Несущий смерть
Керл рассеянно слушал болтовню отставного гладиатора и из вежливости кивал. А затем пришла Кэрол. Она была премиленькой и вызывала желание, а когда Керл узнал, что она замужем за бригадиром-паци, ему захотелось ее еще больше. Их имена удивительно красиво звучали вместе - Керл и Кэрол.
Заполучить ее в свою постель, как и предполагал Керл, оказалось совсем несложно. Мало какая женщина могла устоять перед Керлом Вельхоумом загадочным, угрожающе-обаятельным. Имя Несущий Смерть действовало безотказно, но даже зовись Керл иначе и не будь его репутация столь привлекательна для женщин, он все равно имел бы у них успех. Женщины находили этого высокого шатена с голубыми глазами и твердыми, чуть асимметричными чертами лица неотразимо обаятельным. Ах, малышка Кэрол! Она была очаровательна, а ее кожа пахла ландышем. Ее муж знал, что они встречаются, но боялся даже пикнуть...

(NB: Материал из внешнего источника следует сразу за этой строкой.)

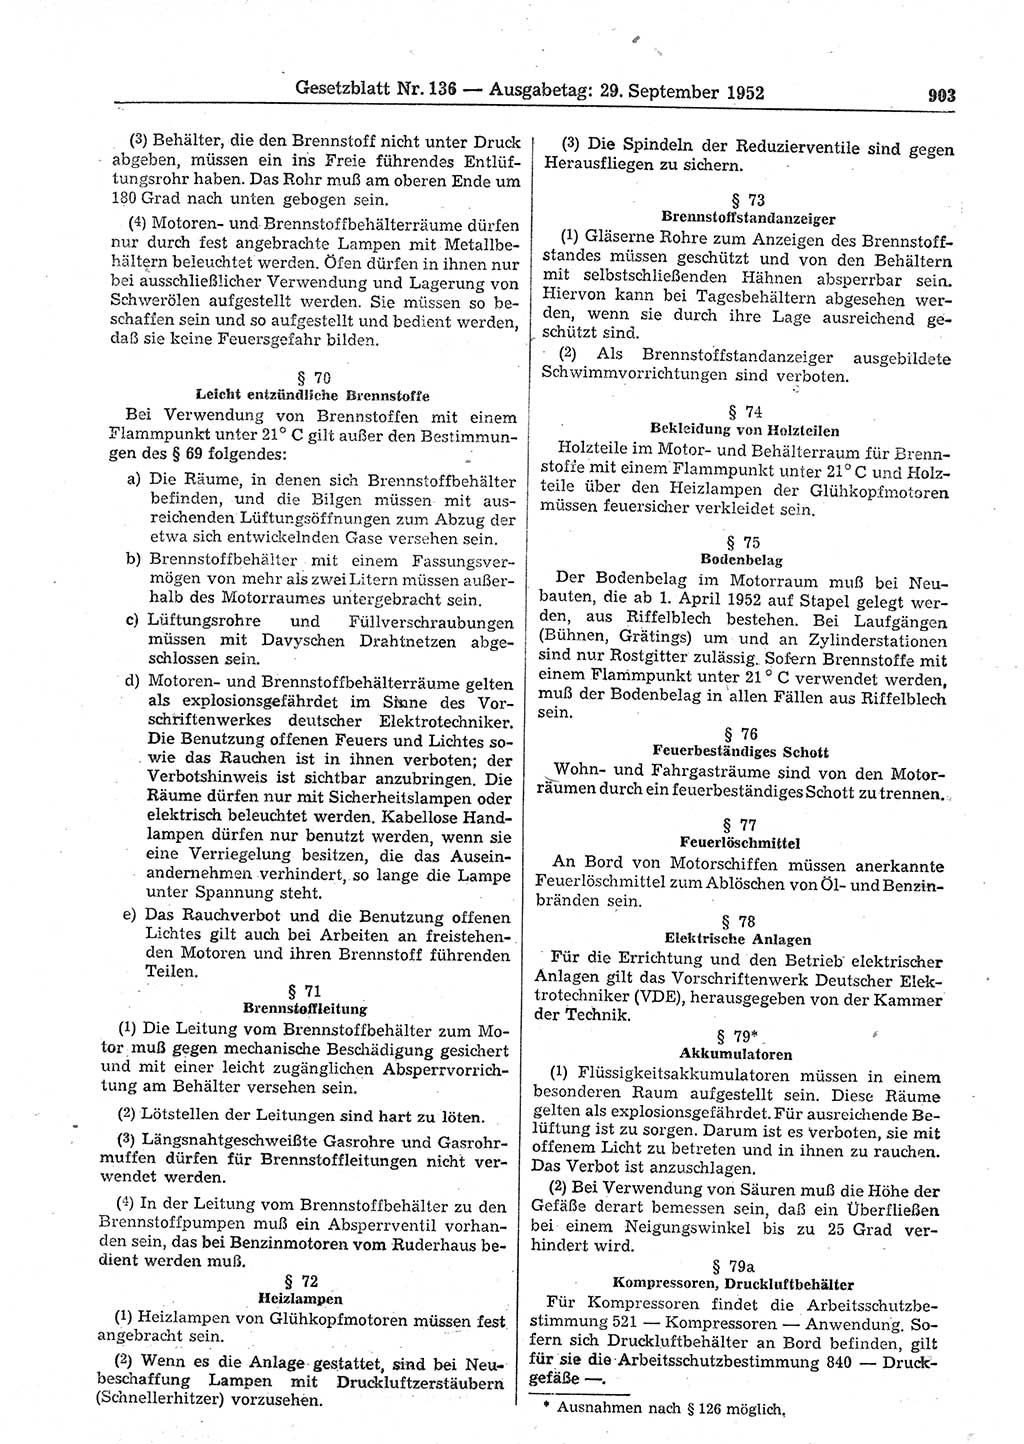 Gesetzblatt (GBl.) der Deutschen Demokratischen Republik (DDR) 1952, Seite 903 (GBl. DDR 1952, S. 903)

Керл вздохнул и едва не подавился пеной. Это не осталось незамеченным, и сильные руки приподняли голову Керла, водрузив ее на упругий пластиковый валик.
Керл лежал и чувствовал, как невесомая пыль оставляет поры полумертвой кожи. Временами ему казалось, что вместе с пылью отстает и эпидермис. Слой за слоем. Скоро кожа отпадет совсем, и обнажатся покрытые полупрозрачной пленкой мышцы. А затем и они начнут распадаться. Тоненькими длинными волокнами - пока не останутся лишь белые кости. Интересно, сколько времени потребуется, чтобы наполненная щелочью вода растворила скелет? Лишь голый череп будет лежать на пластиковом валике и ухмыляться. Бедный Йорик!
Интересно, откуда выплыла эта странная фраза? Керл чуть пошевелил плотно сжатыми губами, пытаясь повторить:
- Бедный Йорик!
- Сделать похолоднее?
Он не ответил. Откуда она знает, что Керл любит холодную воду? Раньше он всегда мылся лишь ледяной водой и презирал шампуни, жидкое мыло, разного рода губки, щеточки и аквамассажеры. Откуда она все это знает? Чувствует? Или, может быть, вызубрила наизусть досье на гладиатора Керла Вельхоума?
Должно быть, он неважно выглядит. Тело исхудало и покрылось синими пролежнями, атрофированные руки и ноги напоминают корявые сучья погруженного в липкий ил дерева. Впрочем, не важно.
В первый раз ему было очень неприятно, когда она положила его тело в ванну. Беспомощный, лишенный одежды, уродливо-неподвижный, доступный чужим взорам. Он и прежде редко раздевался, тем более на людях, проводя большую часть жизни под броней гимпиора. Очутившись в ванне, которую заливали яркие лучи света - он чувствовал их кожей, - Керлу захотелось спрятаться или хотя бы перевернуться на живот. Но он знал, что не сможет сделать этого. Гораздо проще было умереть, но и это было недоступно. Она зорко следила за тем, чтобы Керл не захлебнулся. Вскрыть бы себе вены, подобно этому, как его... О котором рассказывал Квинт Курций.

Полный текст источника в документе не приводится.